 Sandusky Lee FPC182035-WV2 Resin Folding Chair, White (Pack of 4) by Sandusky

...

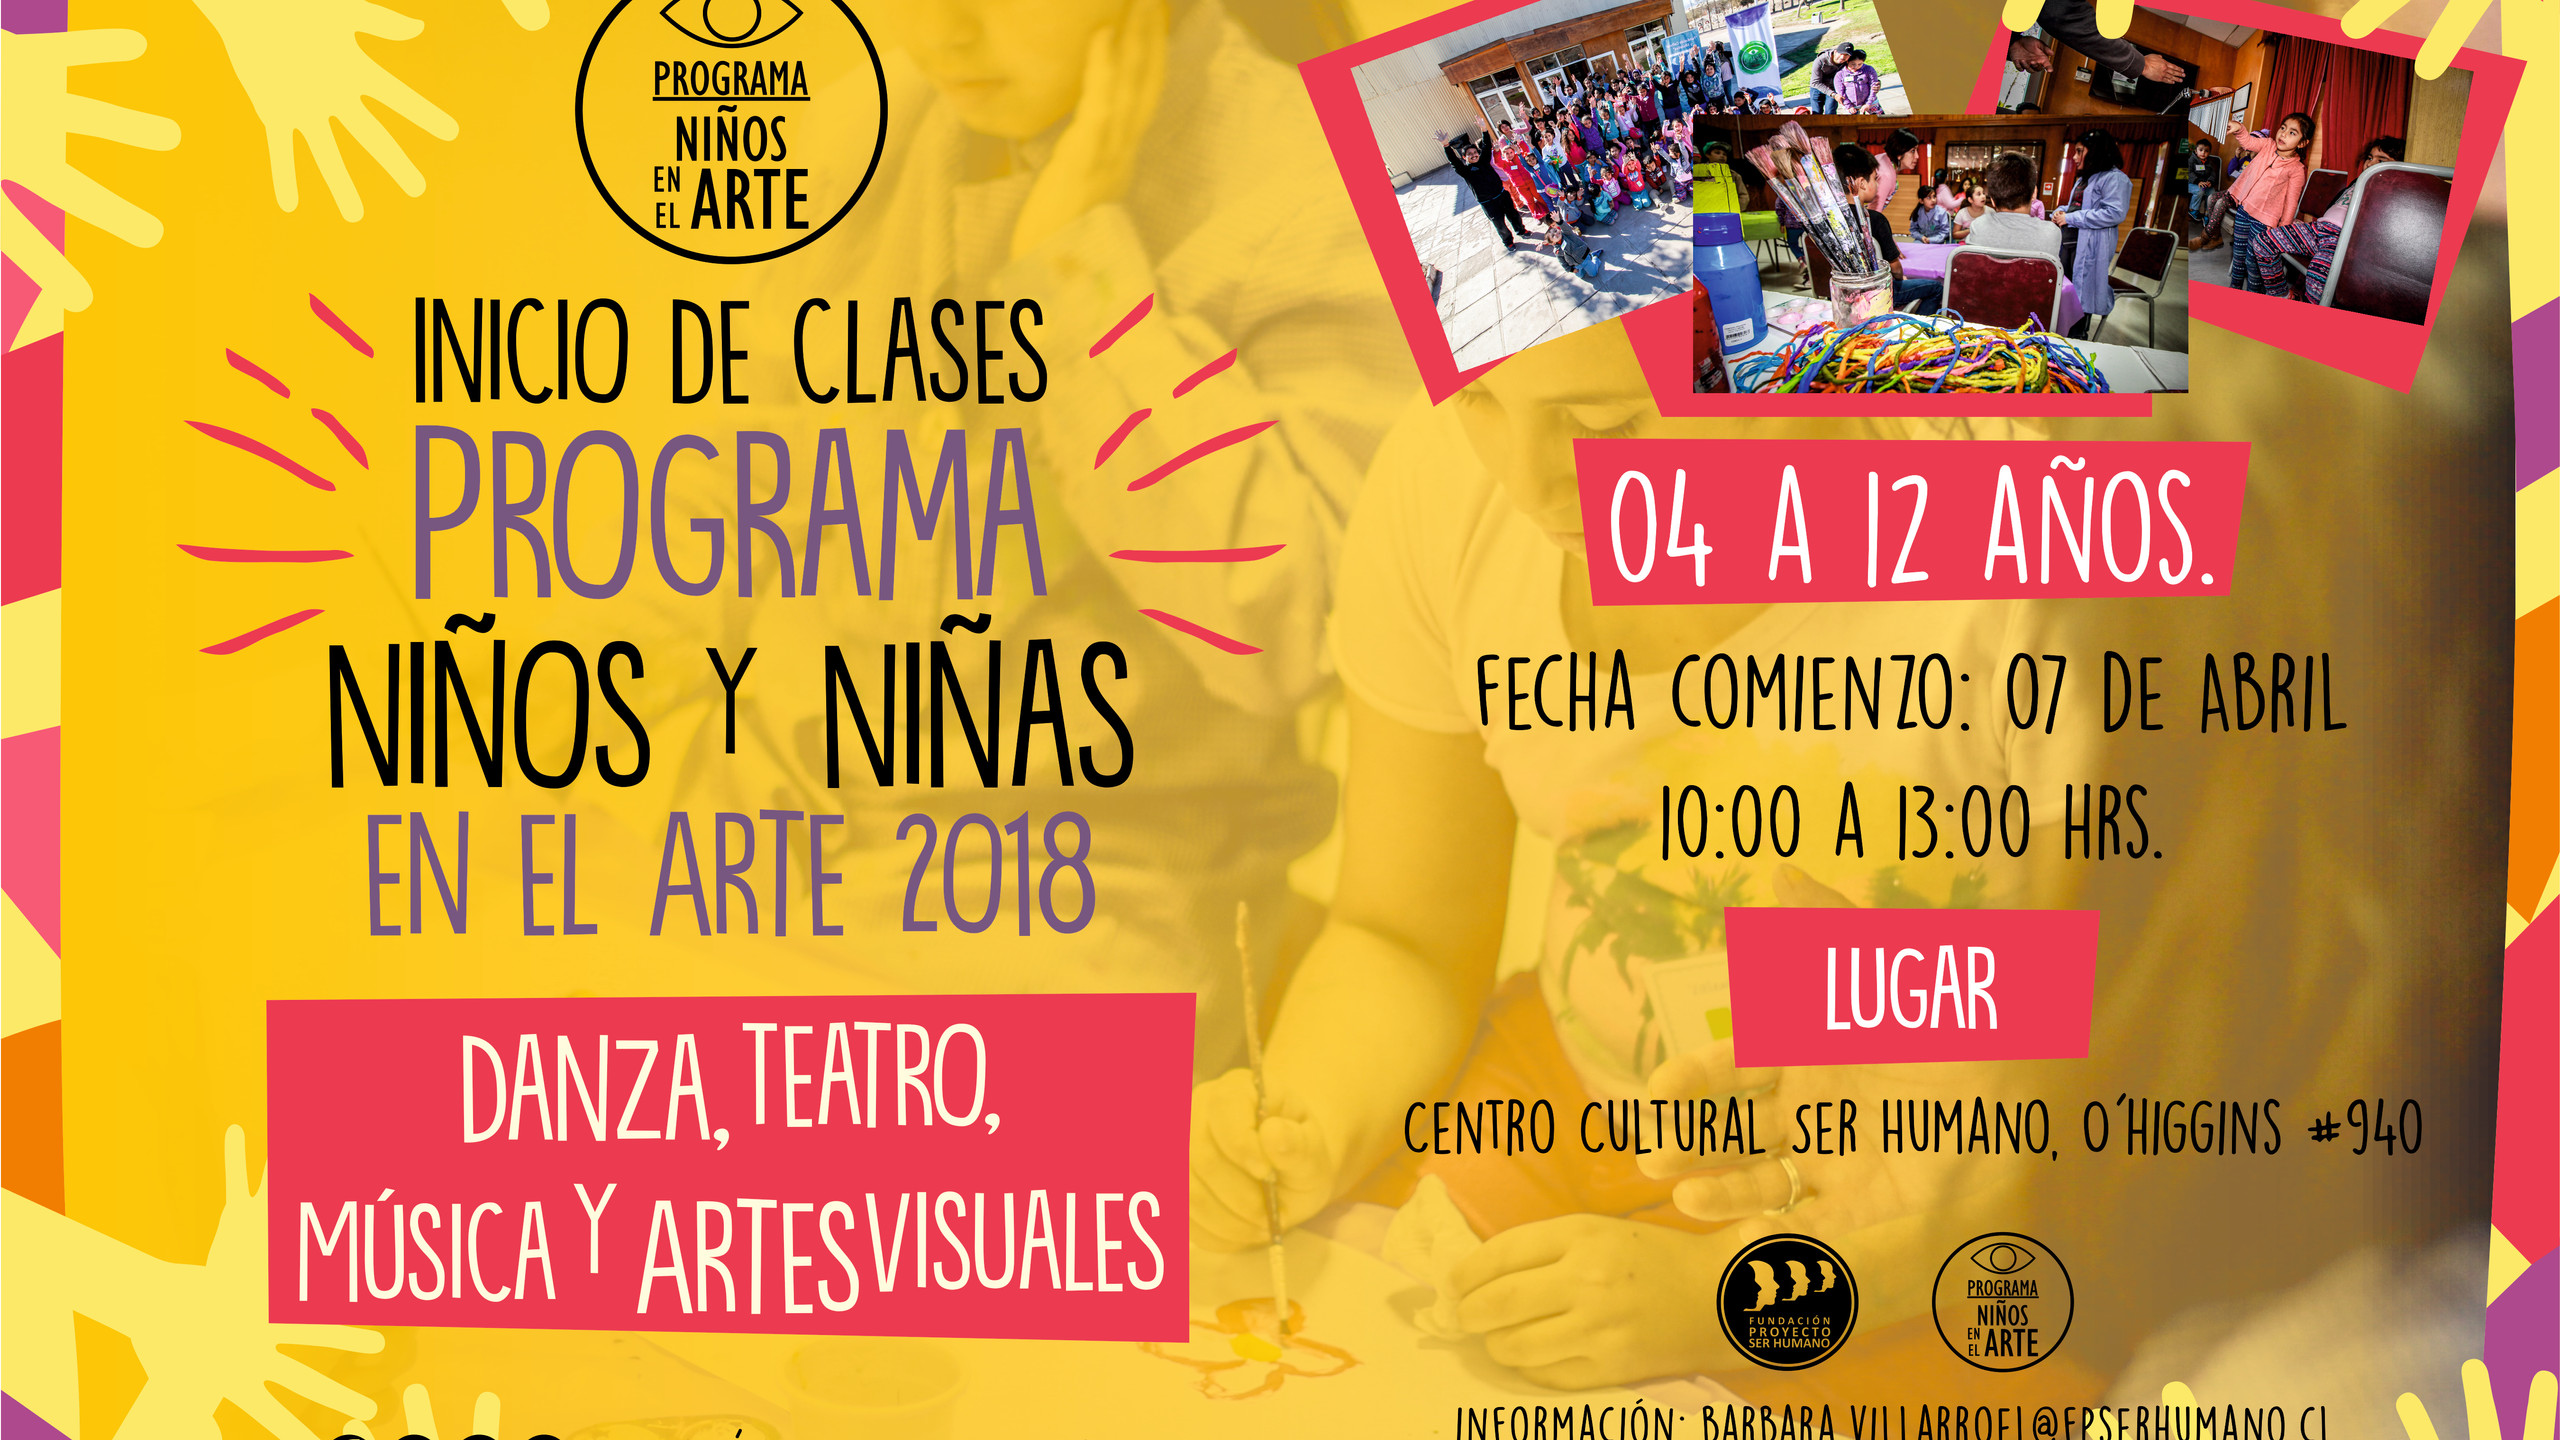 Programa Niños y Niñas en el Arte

--

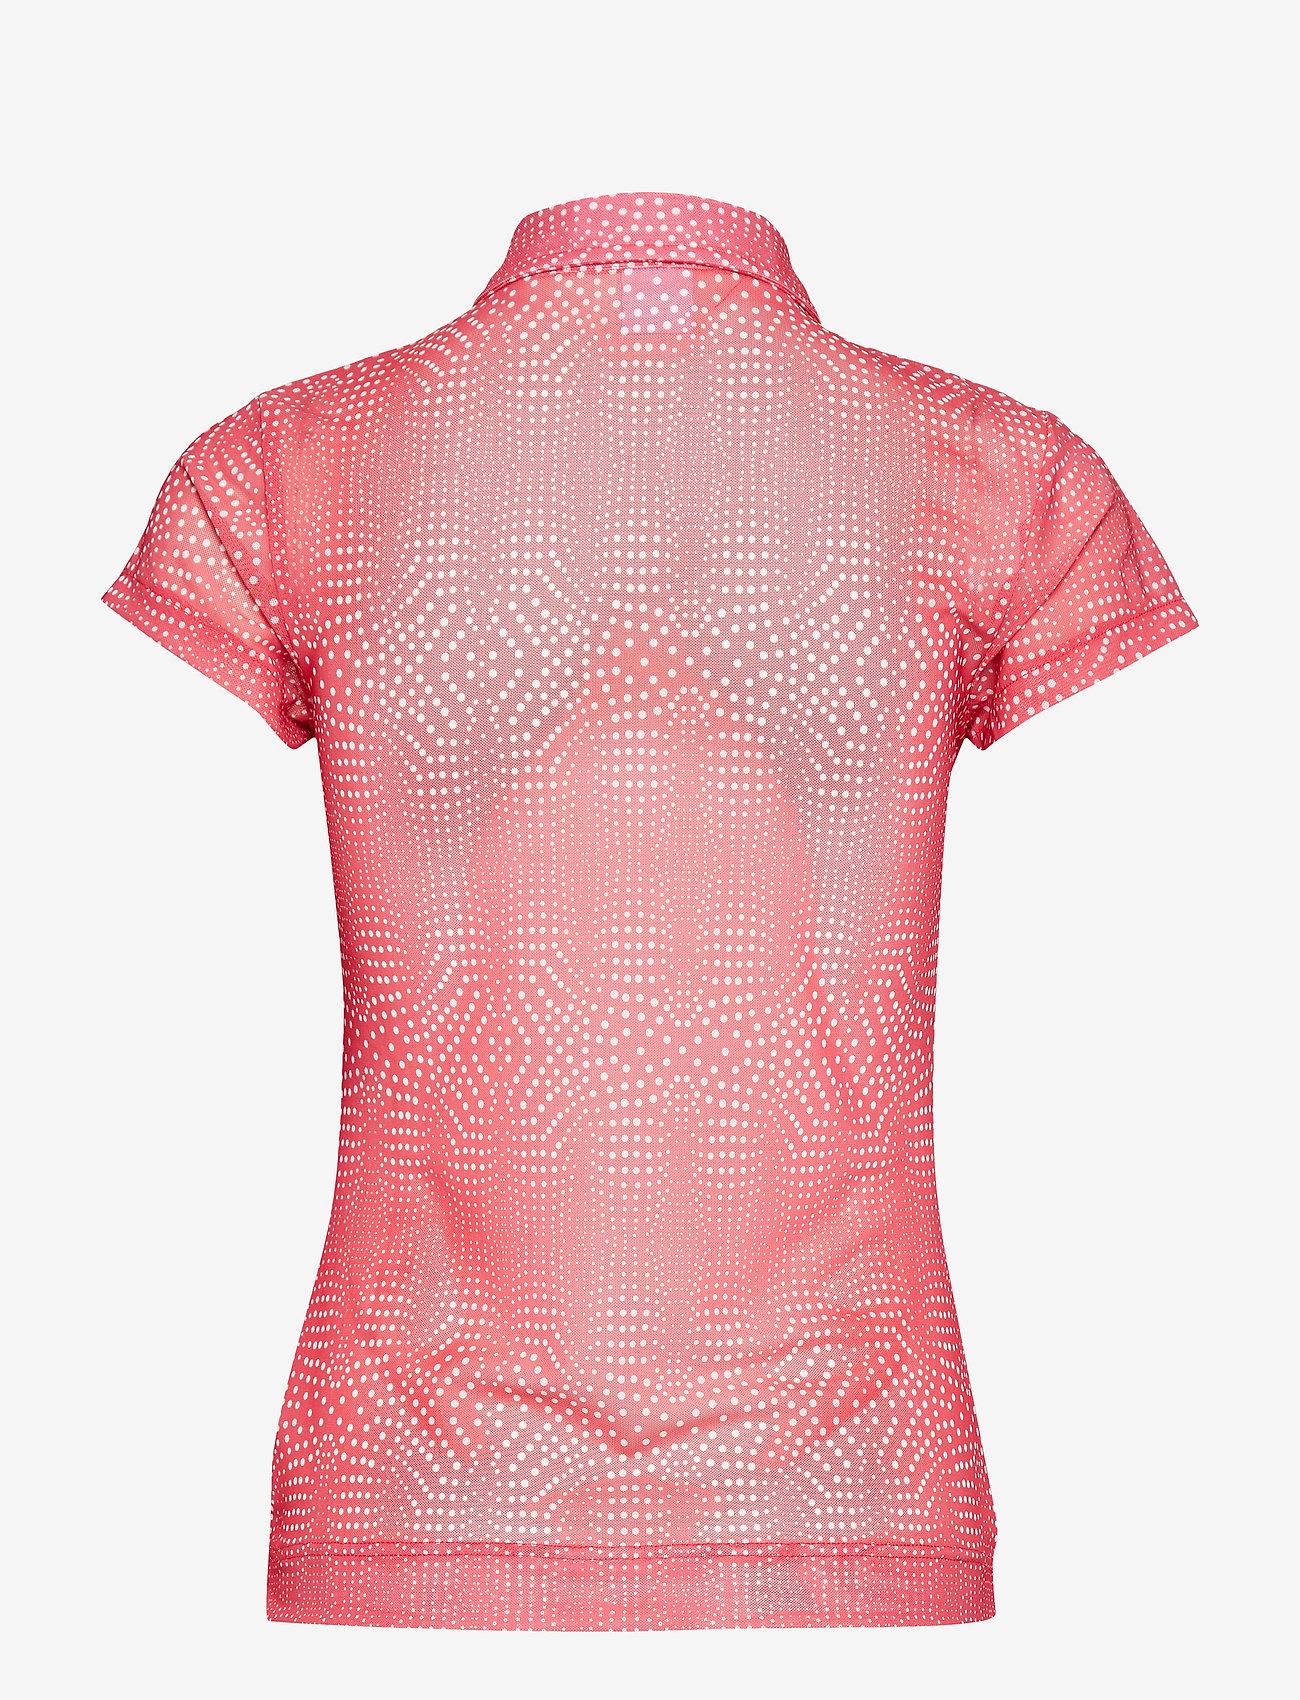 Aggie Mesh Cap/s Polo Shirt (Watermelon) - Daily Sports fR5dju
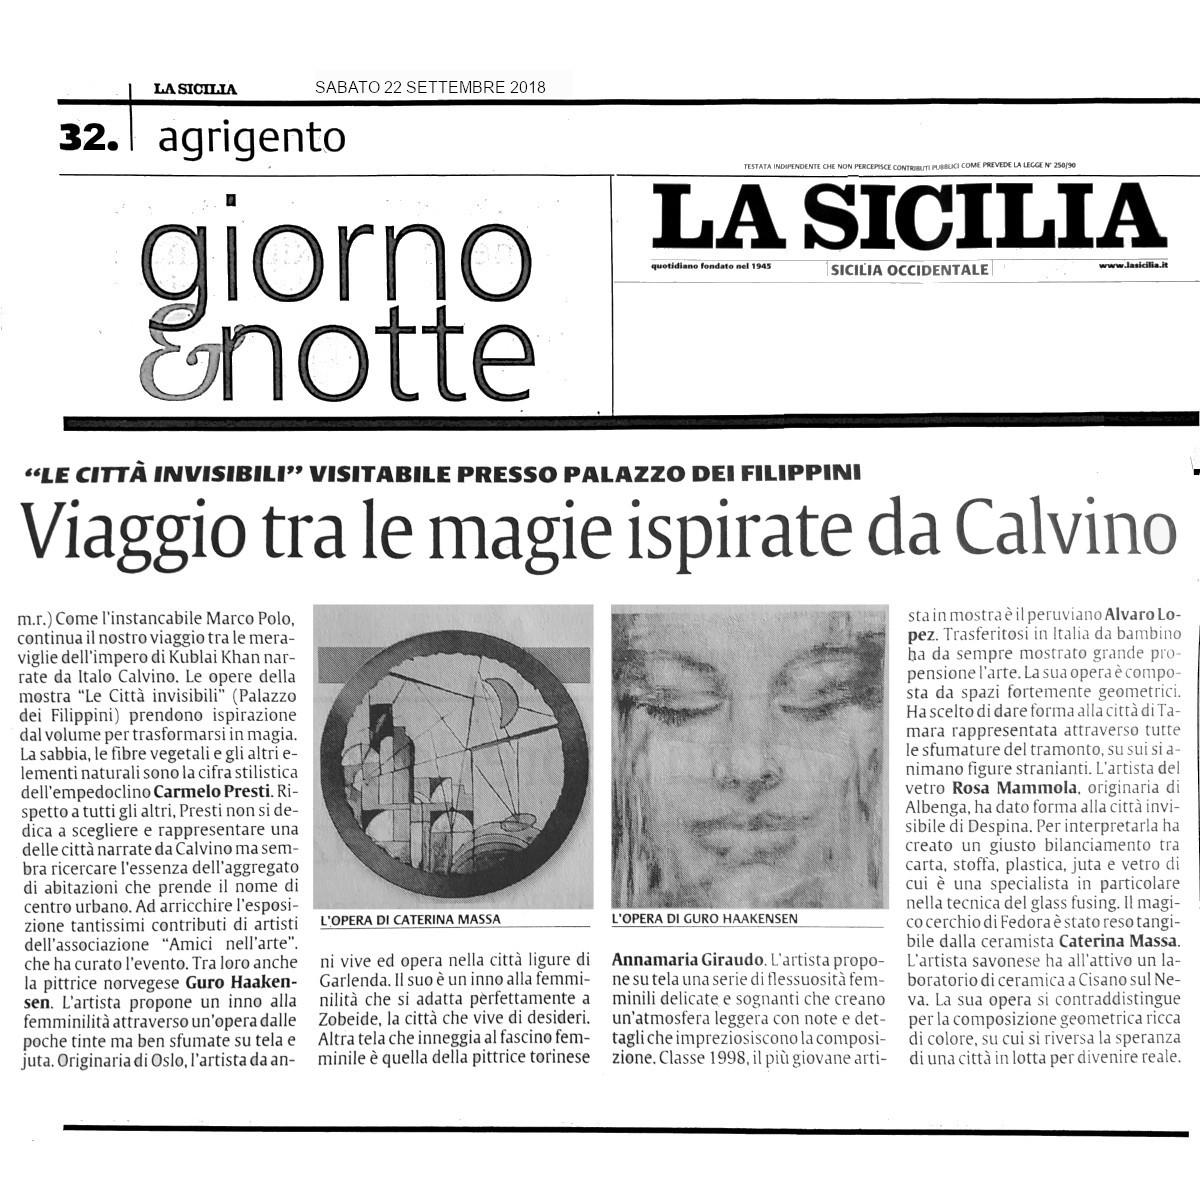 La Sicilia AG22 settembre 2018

**What this task involves:** Given the entries above, transcribe exactly the lines from the one holding "Aggie Mesh Cap/s" through the one holding "La Sicilia AG22 settembre 2018"; pictures do not belong in the transcription.

**The answer:**
 Aggie Mesh Cap/s Polo Shirt (Watermelon) - Daily Sports fR5dju
 La Sicilia AG22 settembre 2018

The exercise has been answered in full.